If we disturb the equilibrium, and the system restores itself back to the original equilibrium configuration (through some restoring force, usually gravity), then we say this equilibrium is stable.

The ball, in equilibrium at the bottom of the bowl, returns to this position due to a restoring gravitational force if it is nudged upward.

See also the QuickTime movie of a stable system.

A stable system resists changes. If the atmosphere is stable, then changes to the vertical configuration (the distribution of pollutants) is resisted or inhibited.

When the environmental lapse rate is less than the adiabatic lapse rate, the temperature in a rising air parcel (that is adiabatically expanding) will decrease at a faster rate than the temperature in the surrounding air.

An air parcel that starts at the same temperature as the surrounding will then become colder than the surrounding air if it rises. This makes the air parcel negatively buoyant, and it sinks back down until its temperature is the same as the environmental temperature; the temperature increases at the same rate as it lost temperature, so it ends up at the same altitude as when it started. This demonstrates stable behavior--the vertical motion of the air parcel is suppressed.

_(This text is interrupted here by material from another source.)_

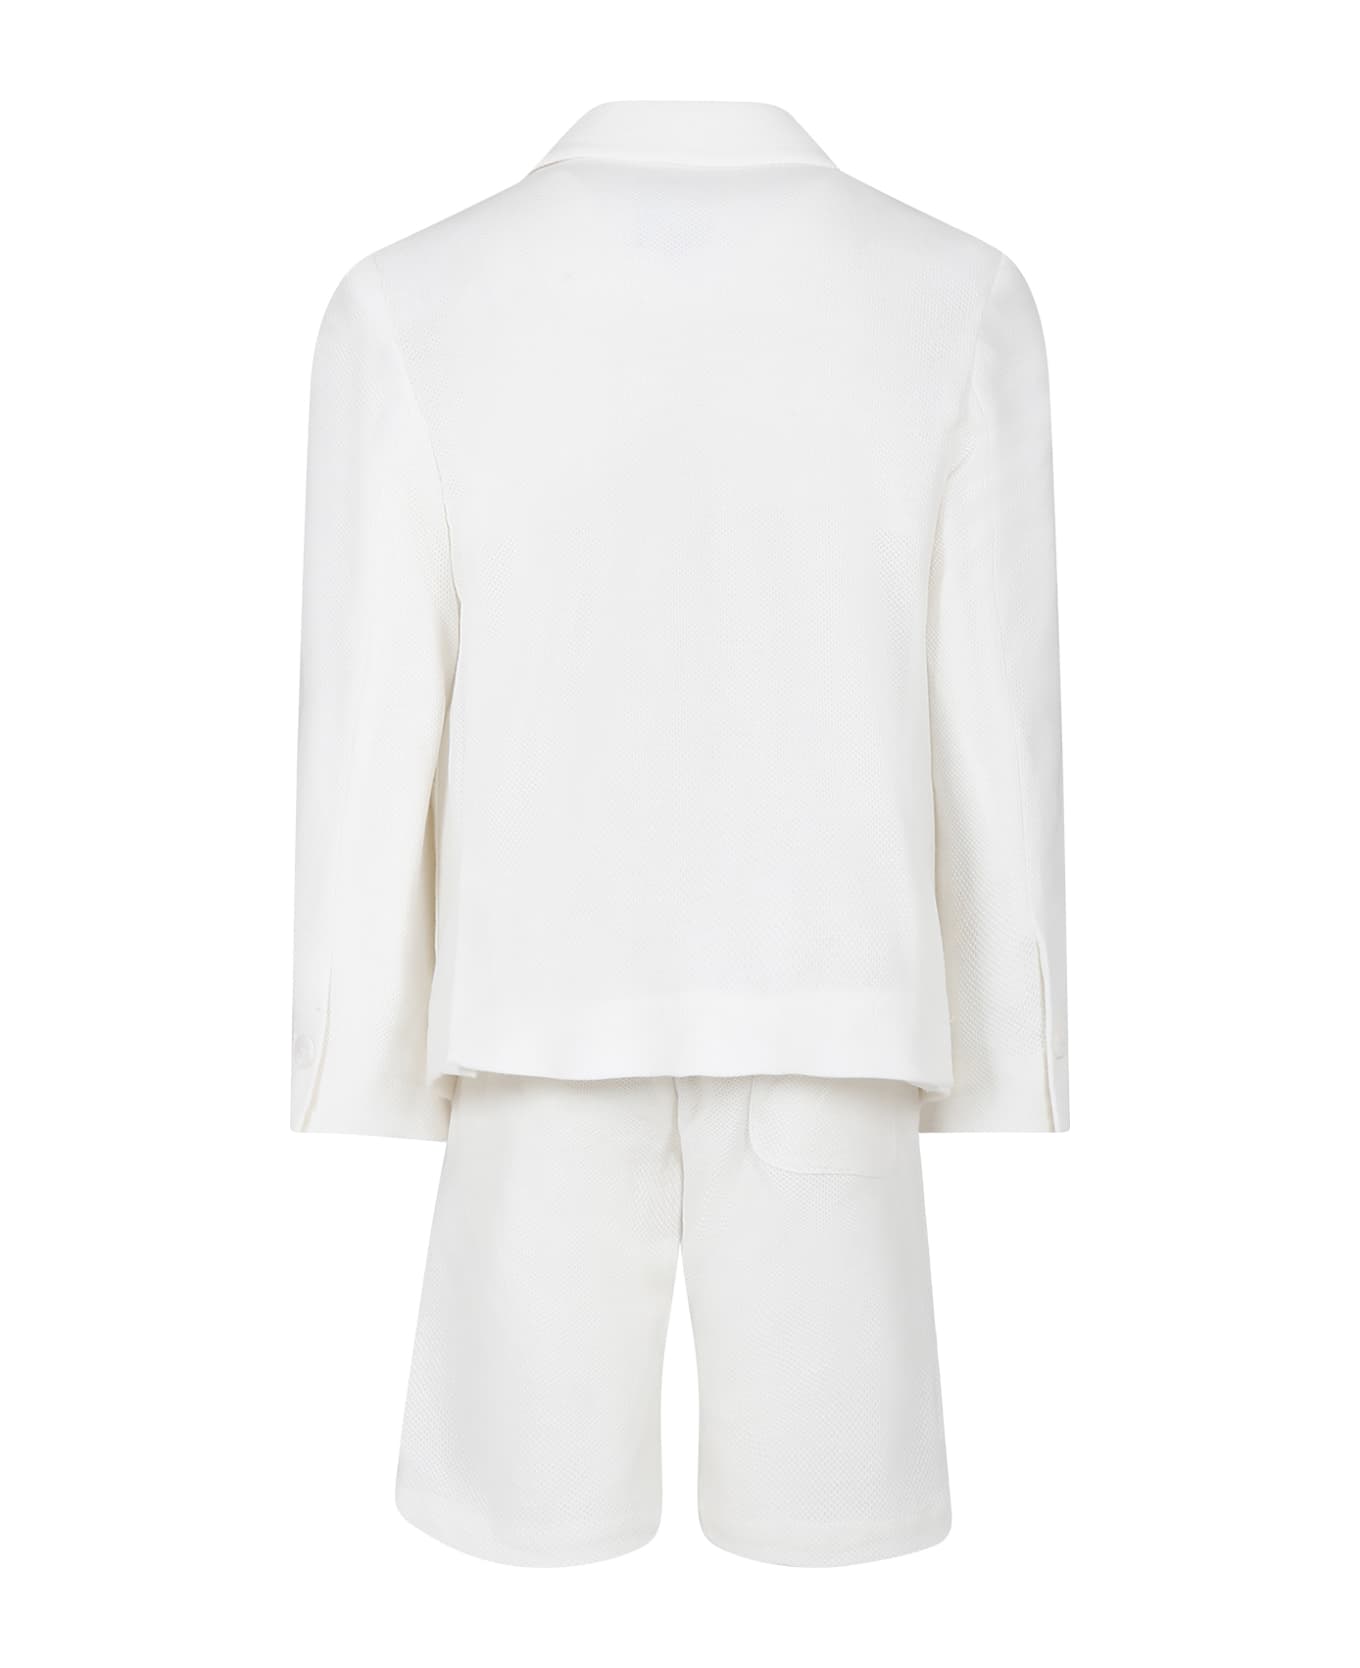 Fay Ivory Suit For Boy With Logo - Ivory

If we disturb the equilibrium, and the system accelerates away from the original equilibrium condition, not coming back, then we say this equilibrium is unstable.

The ball, balanced an in equilibrium on top of the inverted bowl, rolls away if we nudged it off this balance point.

See also the QuickTime movie of an unstable system.

Unstable systems are easy to bump into a non-equilibrium state, so change seems to be encouraged. An unstable atmosphere will tend to produce vertical, convective dispersion.

When the environmental lapse rate is greater than the adiabatic lapse rate, the environment loses temperature faster than a rising air parcel.

If an air parcel starts out with the same temperature as the environment, then is pushed upward (so it adiabatically expands), its temperature will go down to a lesser extent than the surrounding air, so the parcel temperature will be higher than the temperature of the surrounding air. The air parcel will be warmer than its surroundings and thus positively buoyant, and will continue to rise by itself.

This behavior, where the disturbance caused the system to accelerate away from equilibrium, demonstrates a case of unstable equilibrium.

If we disturb the equilibrium, and the system stays in a new equilibrium configuration but not the original one, then we say this equilibrium is neutral.

The ball on the level table stays wherever we move it. It does not come back, but it does not roll away either.

See also the QuickTime movie of a neutral system.

Changes are neither resisted nor enhanced in a system with neutral stability. Atmospheres that are neutral do not resist vertical re-configuration, but it is not encouraged as in the unstable case; thus some convective dispersion takes place at a relatively slow rate, mainly due to random, turbulent air motions.

When the environmental lapse rate is equal to the adiabatic lapse rate, a rising air parcel loses temperature at the same rate as the environment.

In the case above, the air parcel starts at the same temperature as the environment. When the parcel is forced upward, the temperature inside decreases (from adiabatic expansion), but the environmental temperature decreases at the same rate, so the parcel temperature and the environmental temperature are still equal to each other. The air parcel will stay at its new altitude, still in equilibrium with the environment but not in its original position.

This behavior, where the displaced parcel stays wherever it is moved, indicates neutral stability.